Meke Gölü'nde Meke Çölü'ne!
.
Dünyada bir benzeri Kanada'da bulunan Meke Krater Gölü, birçok dizi film, klip, reklam ve tanıtım çekimlerine de ev sahipliği yaptı. İngiliz haber kanalı Channel 4 de 2007'de çekimler yaparak iklim değişikliği ve gölün geleceğine yönelik program hazırlamıştı. Meke, Türkiye'nin ilk ve tek çölü Karapınar Çölü'nün de komşusu.

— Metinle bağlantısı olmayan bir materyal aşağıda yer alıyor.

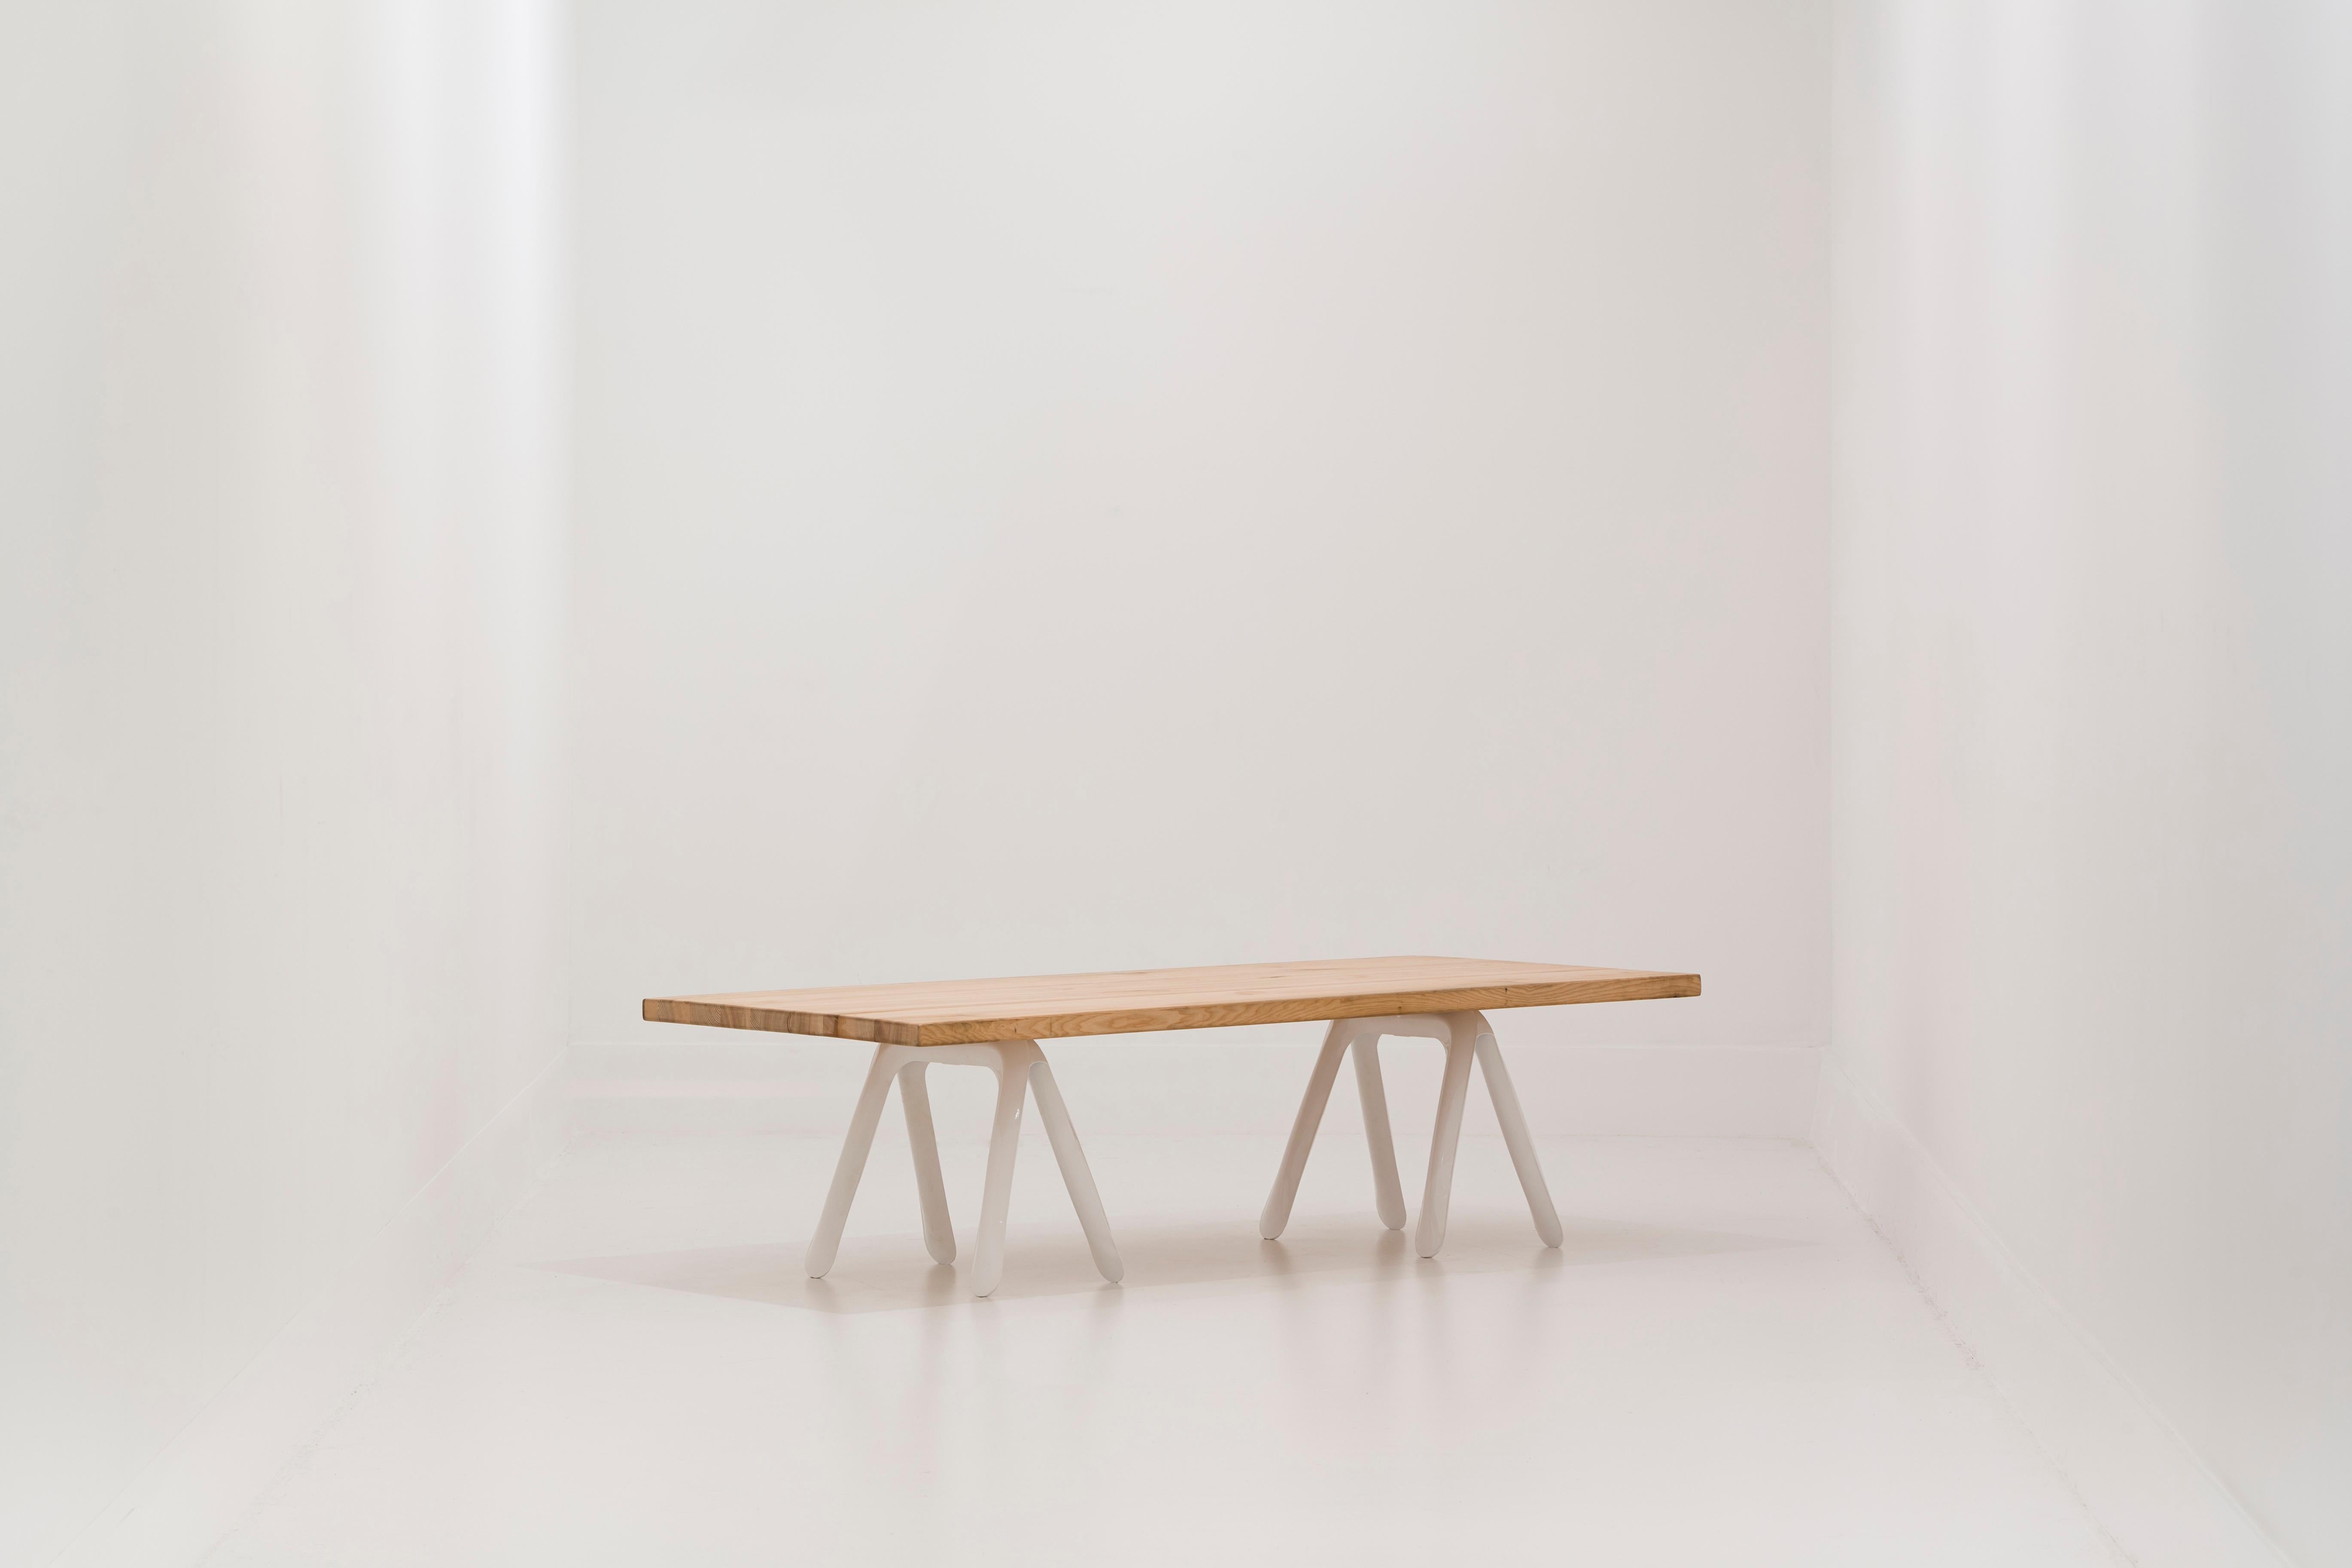 Kozka is our new member of table structures. It is a multitasking construction. Acording to different table tops, it could be used either as a coffee table or even as a part of unique bench.

Kozka is available in Stainless steel and Carbon steel

Karapınar Çölü'nde 1950'li yıllarda yeşillendirme anlamında dünyanın en başarılı çalışması yapıldı. Çalışmalar resmen çölü kovdu, kum tepeleri yok oldu, insanlar kum fırtınalarından kurtuldu. O tarihten sonra yollar kum fırtınaları ile kapanmadı, insanlar kumda kaybolmadı. Bir zamanlar uçsuz bucaksız çöle bakan Meke, şimdi yemyeşil bitki örtüsüne bakıyor cansız cansız. 'Cansuyu'nu bekleyerek...
.
ALINTI: Aksiyon, (Sayı: 825 / Tarih : 27-09-2010, Fotograflar: Ali Ünal)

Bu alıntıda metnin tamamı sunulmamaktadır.